Wednesday, March 12, 2025

Don Roy King | Swimming Instructor / 2013 [TV (SNL) episode]

he likes you

by Douglas Messerli

 

Don Roy King (director) Swimming Instructor / 2013 [5:30 minutes] [TV (SNL) episode]

 

The endless TV series Saturday Night Live has had so very many LGBTQ+ sketches, particularly under the directorship of Don Roy King, that it is sometimes difficult to know how to choose among them. If nothing else, one might argue that they constitute some of the best satires of the vast catalogue of satiric sketches that the television hit ever produced.

    In Swimming Instructor, a basically unexperienced would-be swimmer, Terry (Will Forte) goes in search of an Olympic gold by signing up with the supposedly legendary swimming instructor Doug Frangello (John C. Reilly), who has apparently taught many an Olympic athlete how to become a winner.

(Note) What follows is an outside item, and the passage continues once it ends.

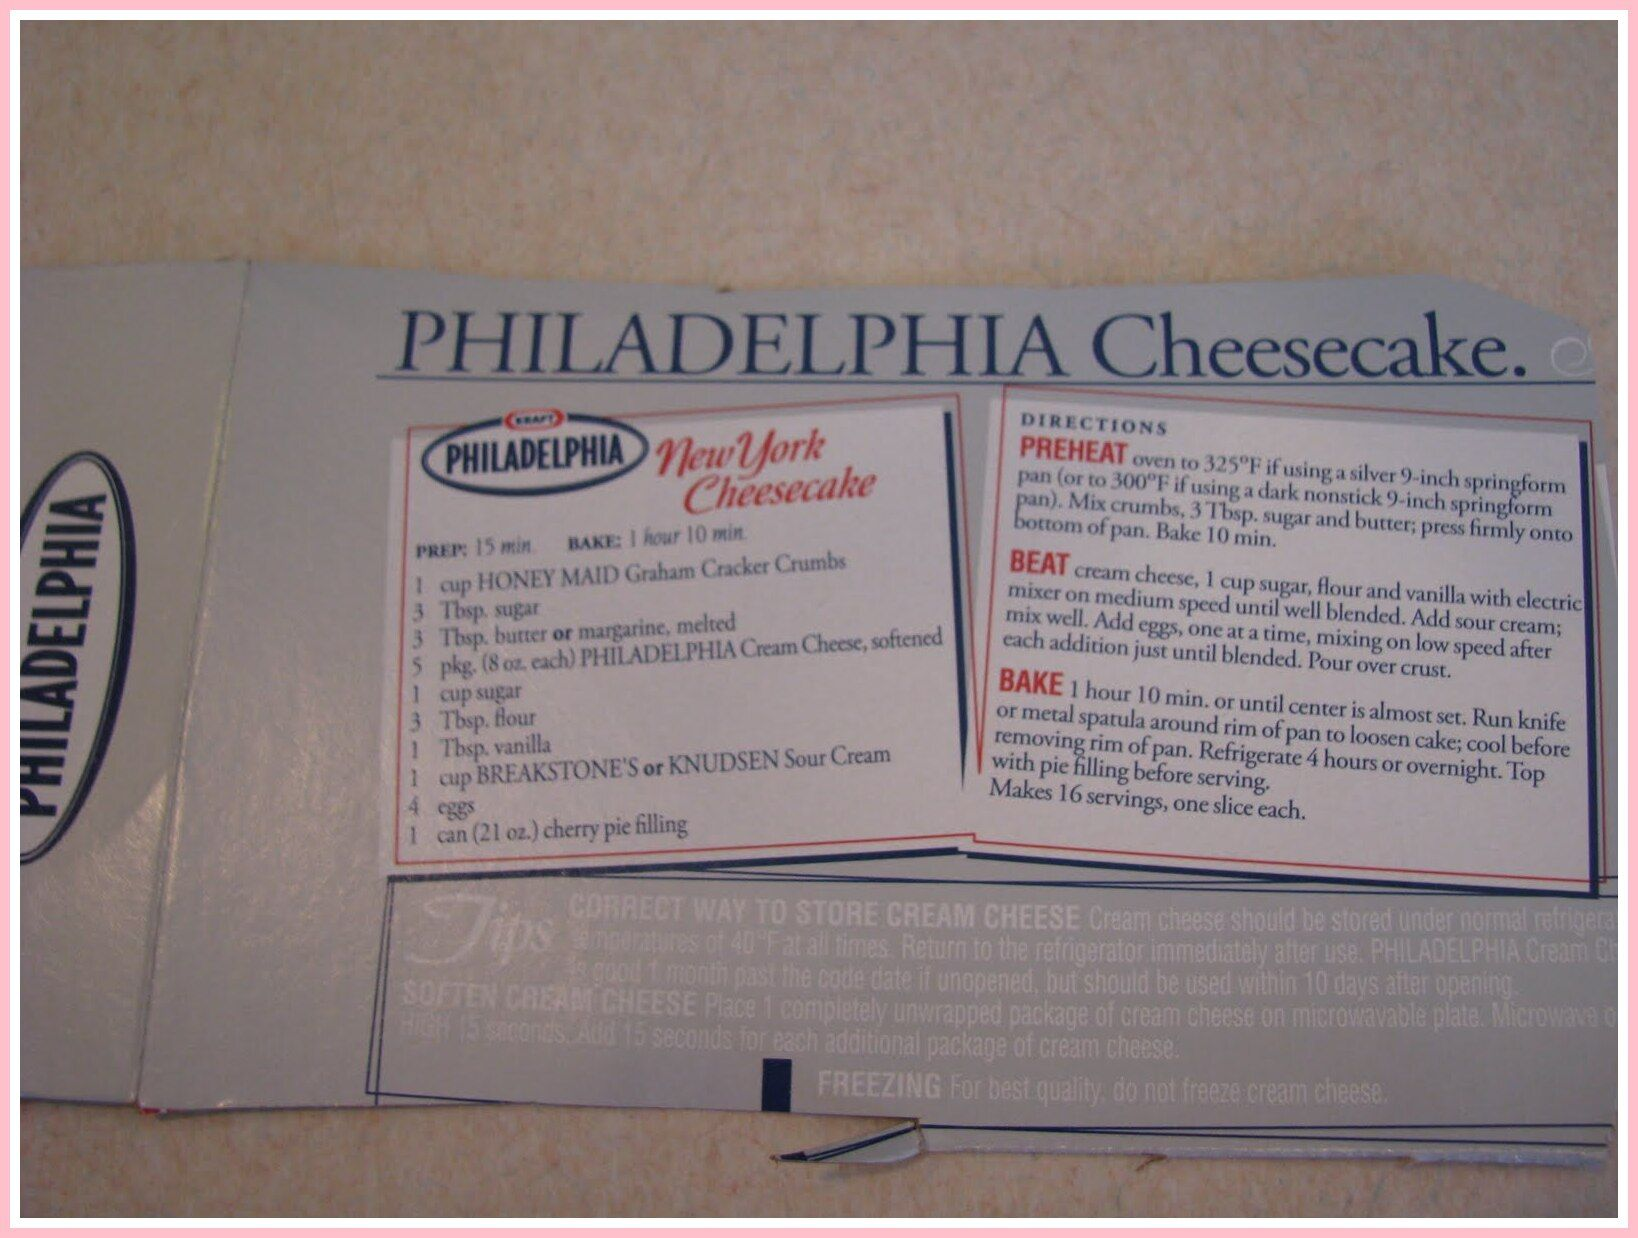 130 Reference Of Philadelphia Cheesecake Recipe On Box In 2020 Cheesecake Recipes Cheesecake Recipes Philadelphia Philadelphia Cheesecake

     What hasn’t previously come to light is that his method is not to get into the pool with the would-be swimmers, but to strap them on to the front of his body where, as he attempts to teach them the basic swimming maneuvers he also frots them with his own body, resulting in loads of pleasure for the overweight teacher and a great deal of disconcertion for his uncomfortable students. He explains that they will have a year of “dry-dock” training before he actually takes him into the water. As Doug comments during their go at the crawl stroke: “He likes you!” Soon after he pauses to adjust his penis.

     Escape is nearly impossible, since they are quite literally strapped in and trapped. No one explains why they might keep coming for more lessons.

     In this case, after a year of land training, we are told, Terry finally hit the pool where he sank immediately and lapsed into a coma. After 40 years, Terry came out of the coma and took the gold medal 2048 Coma survivors Olympic in Tel Aviv. Actually, it was third place, but that too was a “gold” medal.

     It’s hard to imagine how such an obvious expression of male-on-male sexuality might be received today. In the 1990s and the first two decades of this century things were seemingly much more open on TV than they are today.

 

Los Angeles, March 12, 2025

Reprinted from My Queer Cinema blog (March 2025).